WHAT YOU WILL DO:
In the listing that follows, find the line with "GOUDA, NETHERLANDS - May", then copy exactly from it through the line with "The layout utilities", leaving out every picture.

MATERIAL SUPPLIED:

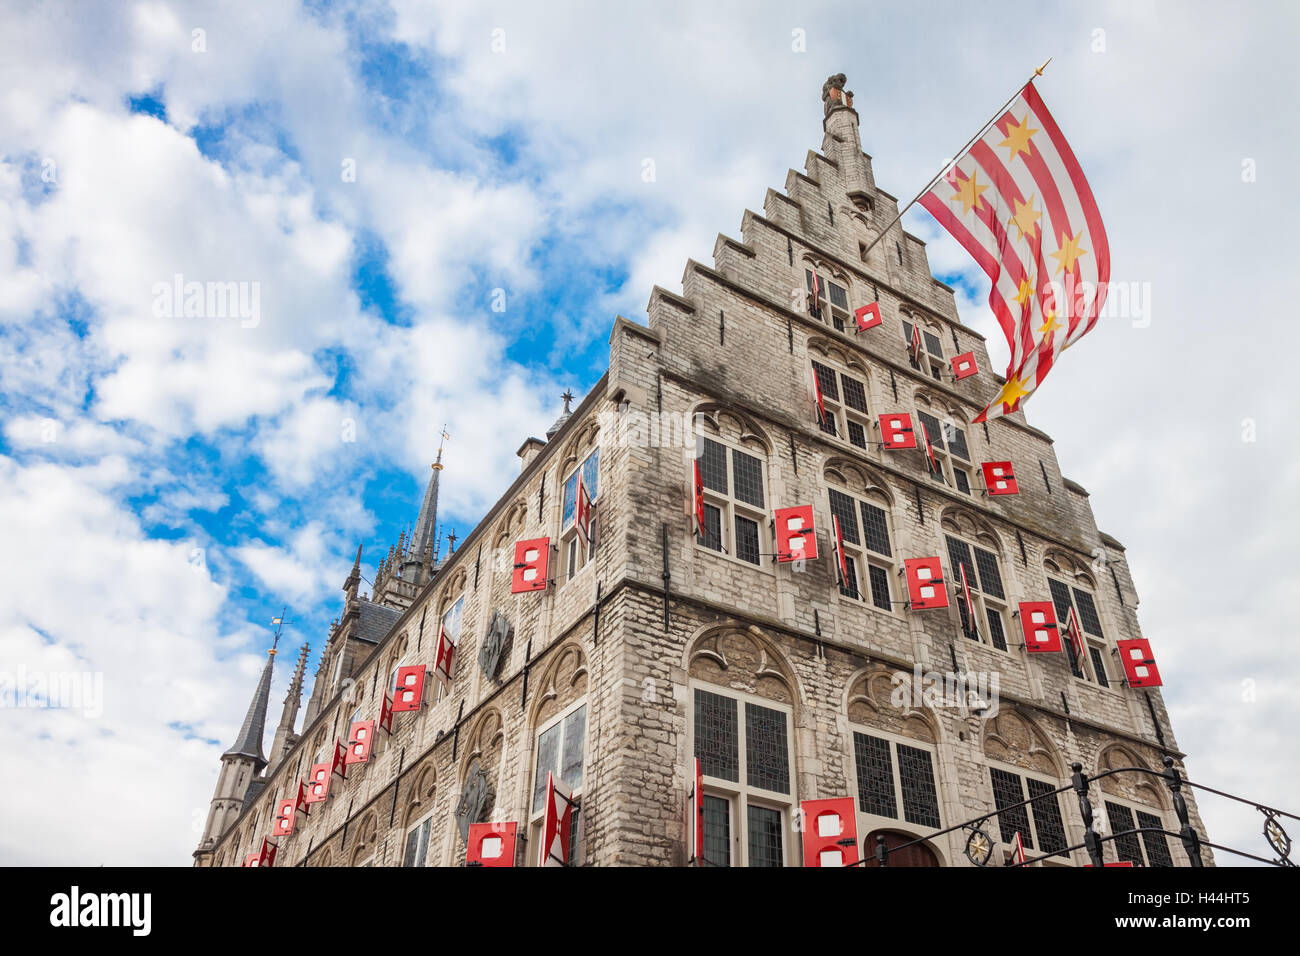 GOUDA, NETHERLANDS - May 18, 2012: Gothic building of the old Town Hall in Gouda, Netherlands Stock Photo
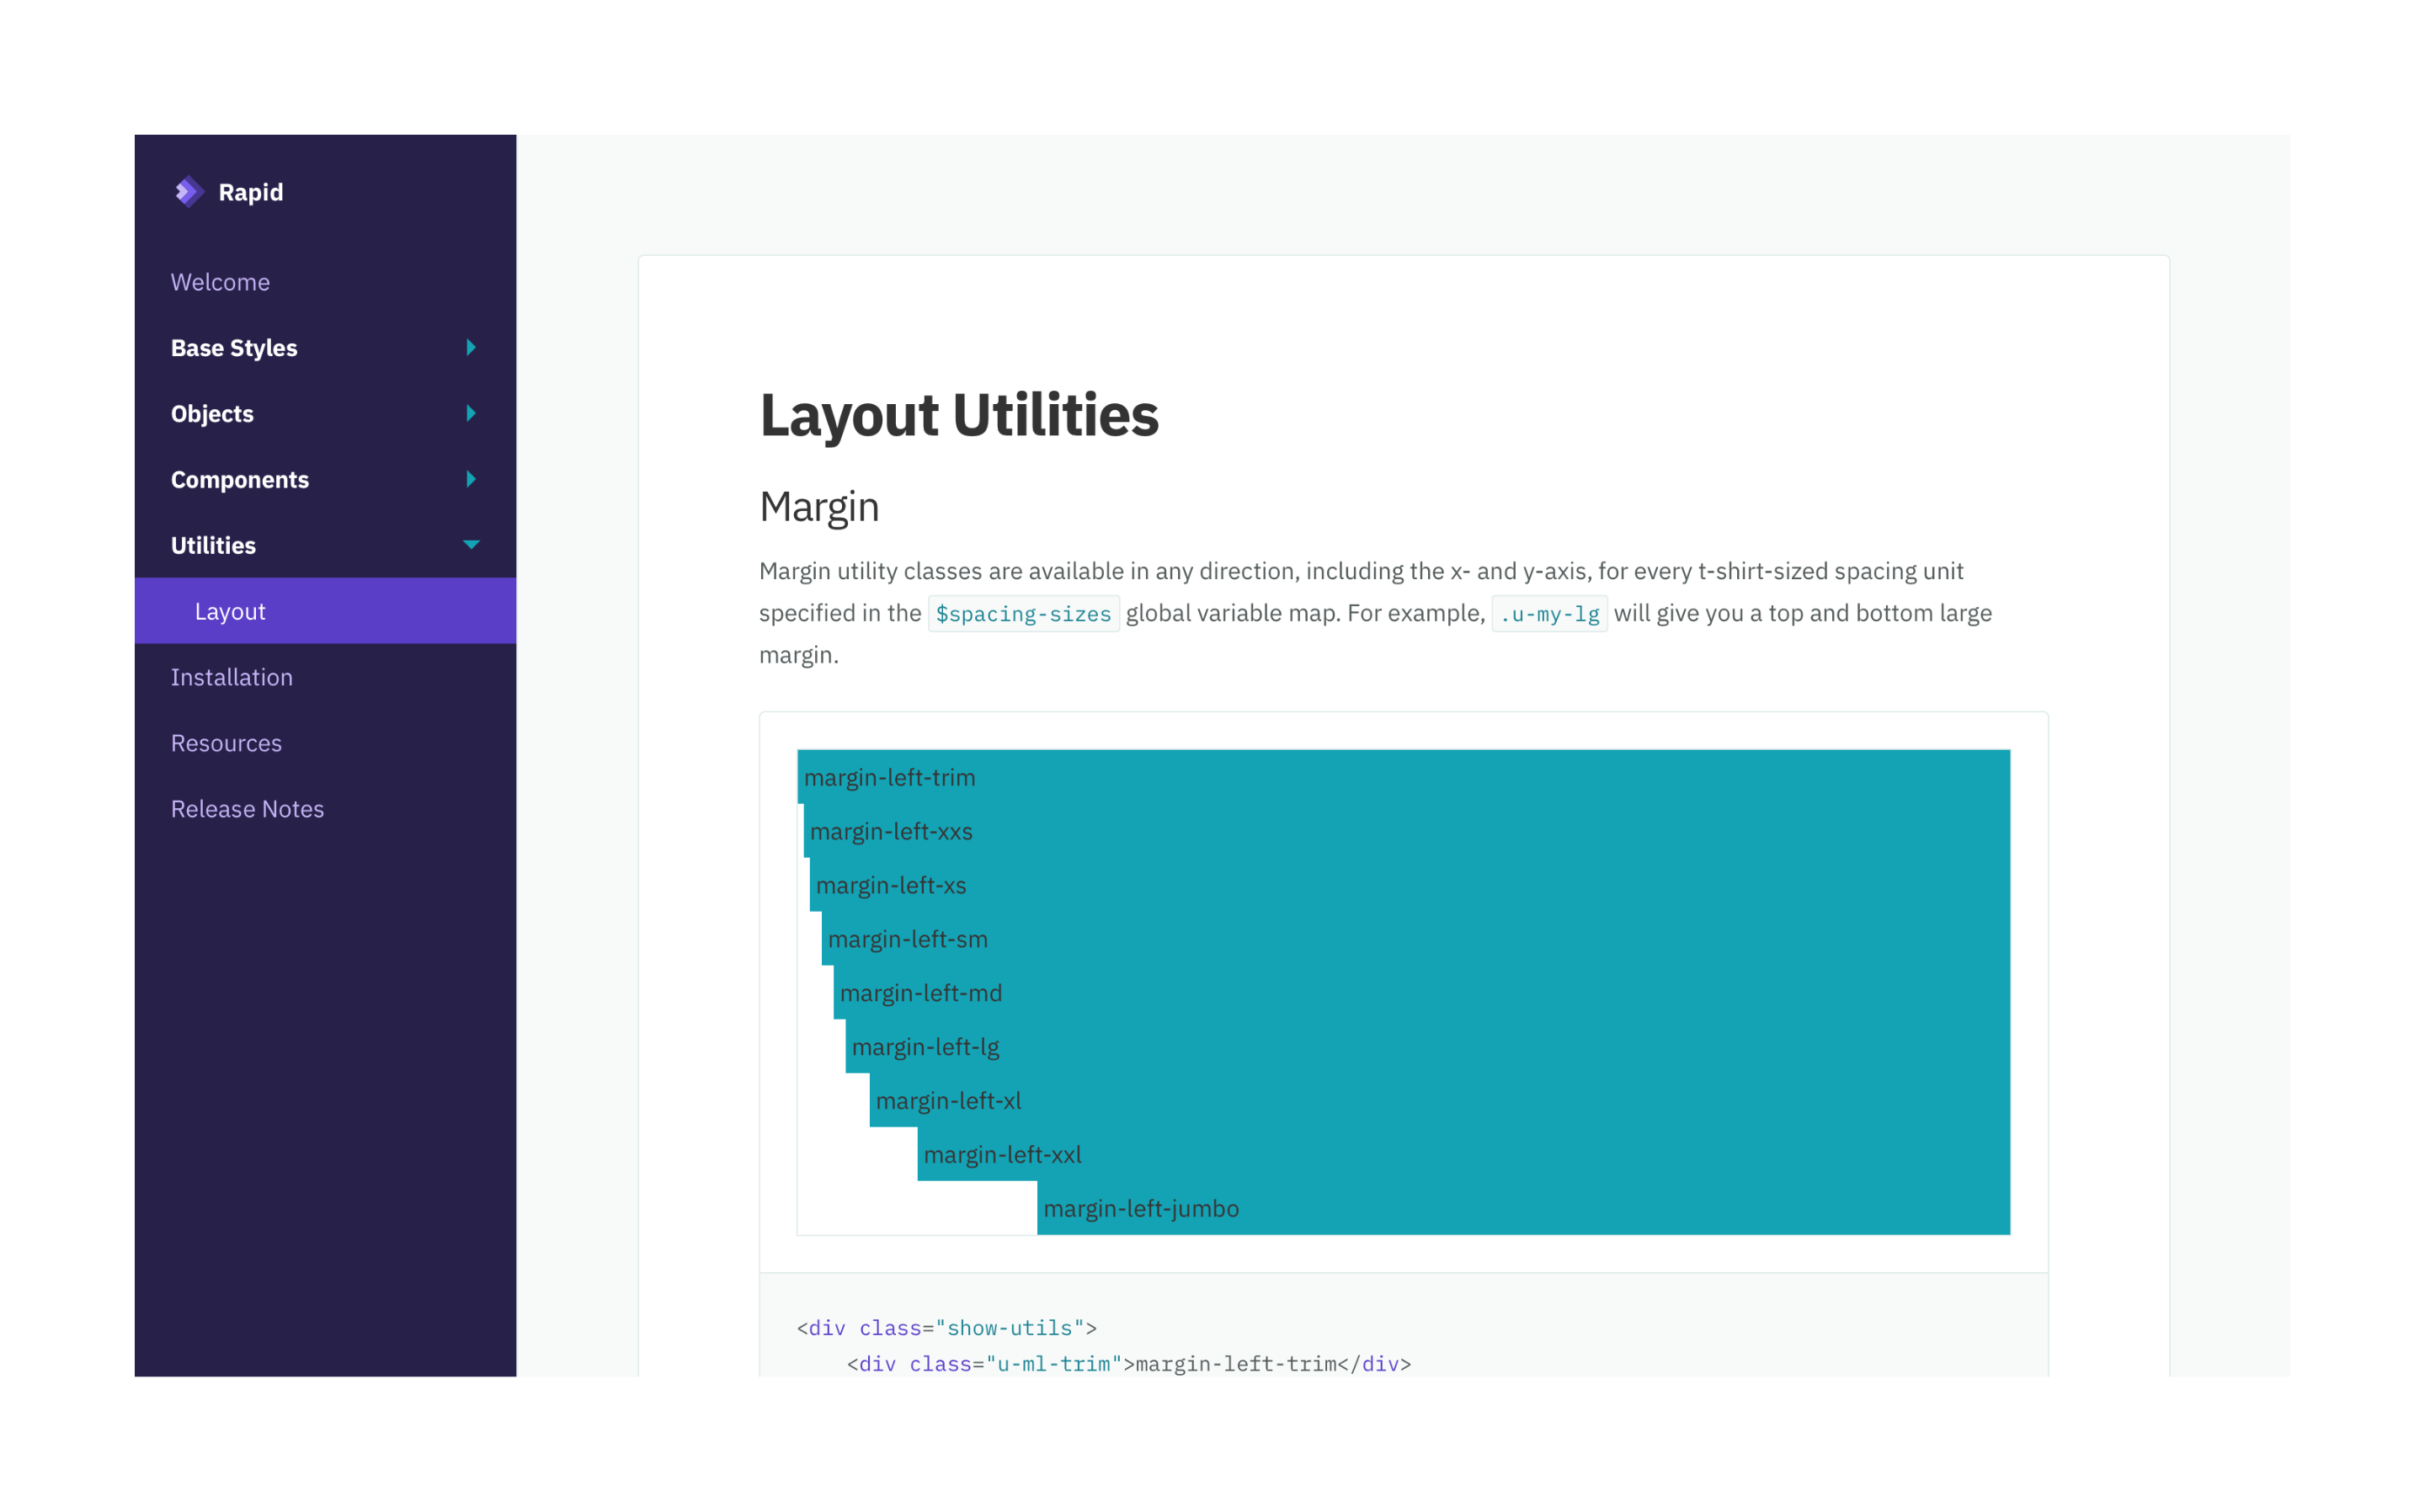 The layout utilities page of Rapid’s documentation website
...
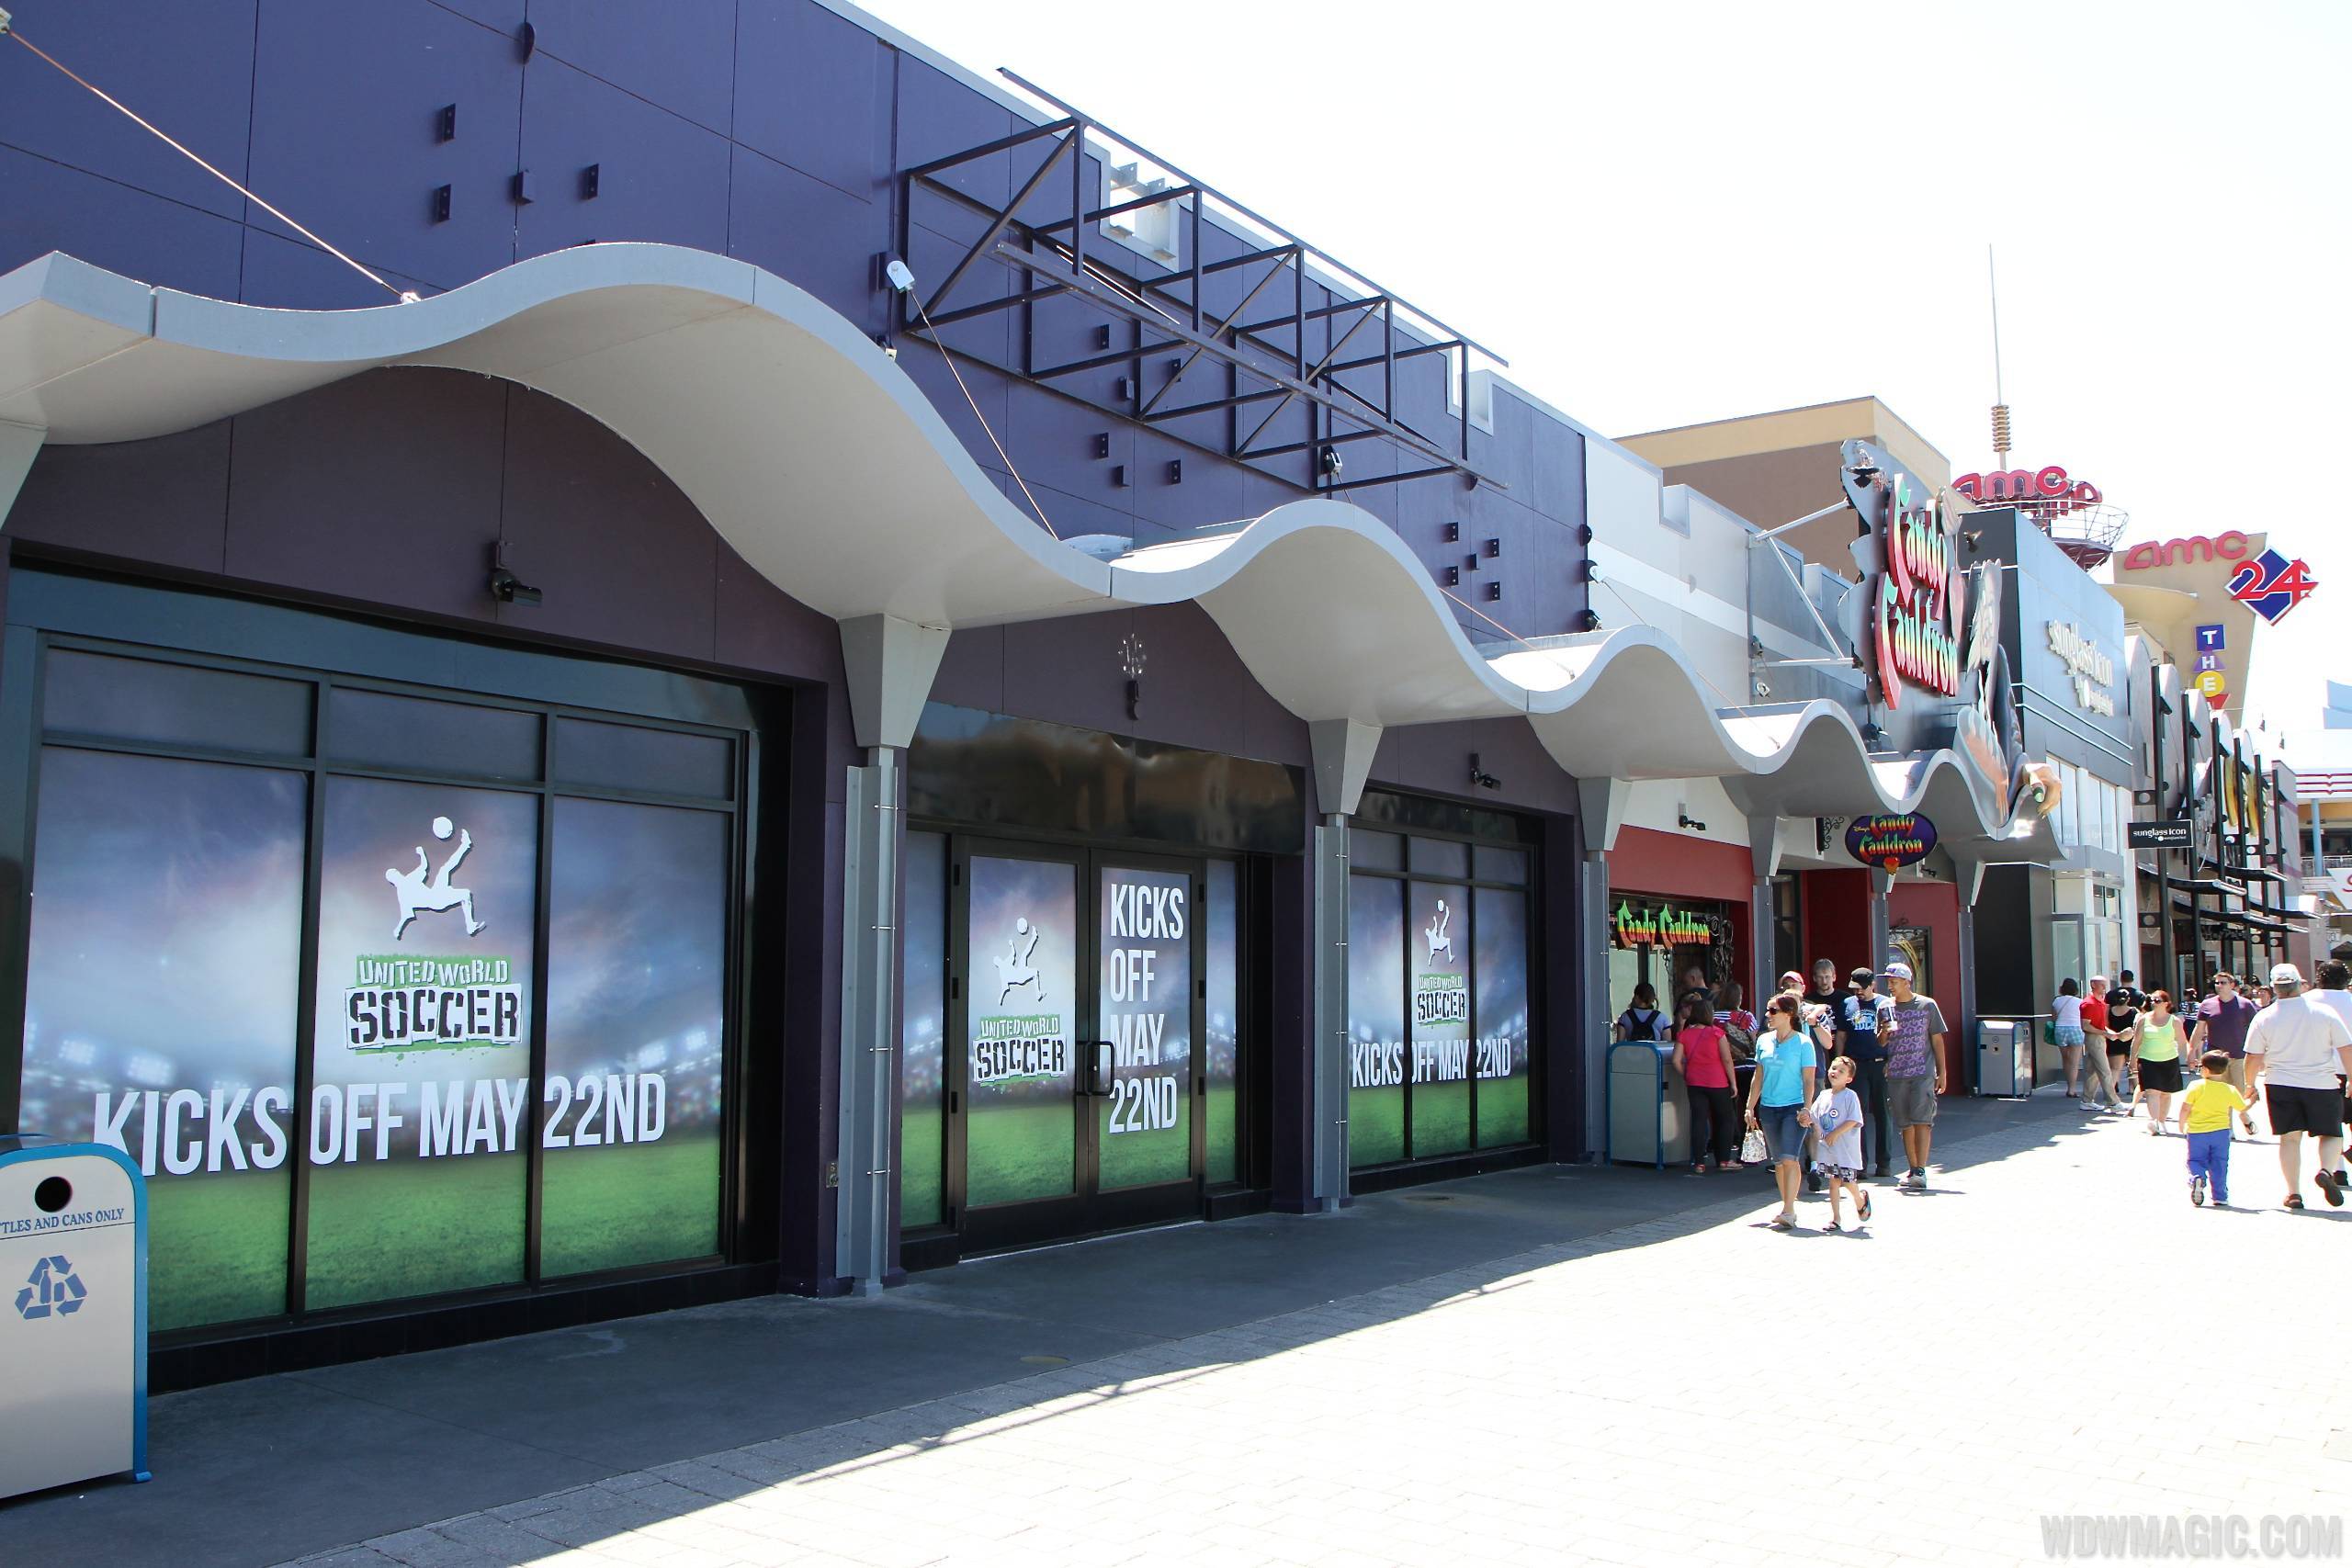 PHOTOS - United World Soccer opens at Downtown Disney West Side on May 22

TASK RESULT:
 GOUDA, NETHERLANDS - May 18, 2012: Gothic building of the old Town Hall in Gouda, Netherlands Stock Photo
 The layout utilities page of Rapid’s documentation website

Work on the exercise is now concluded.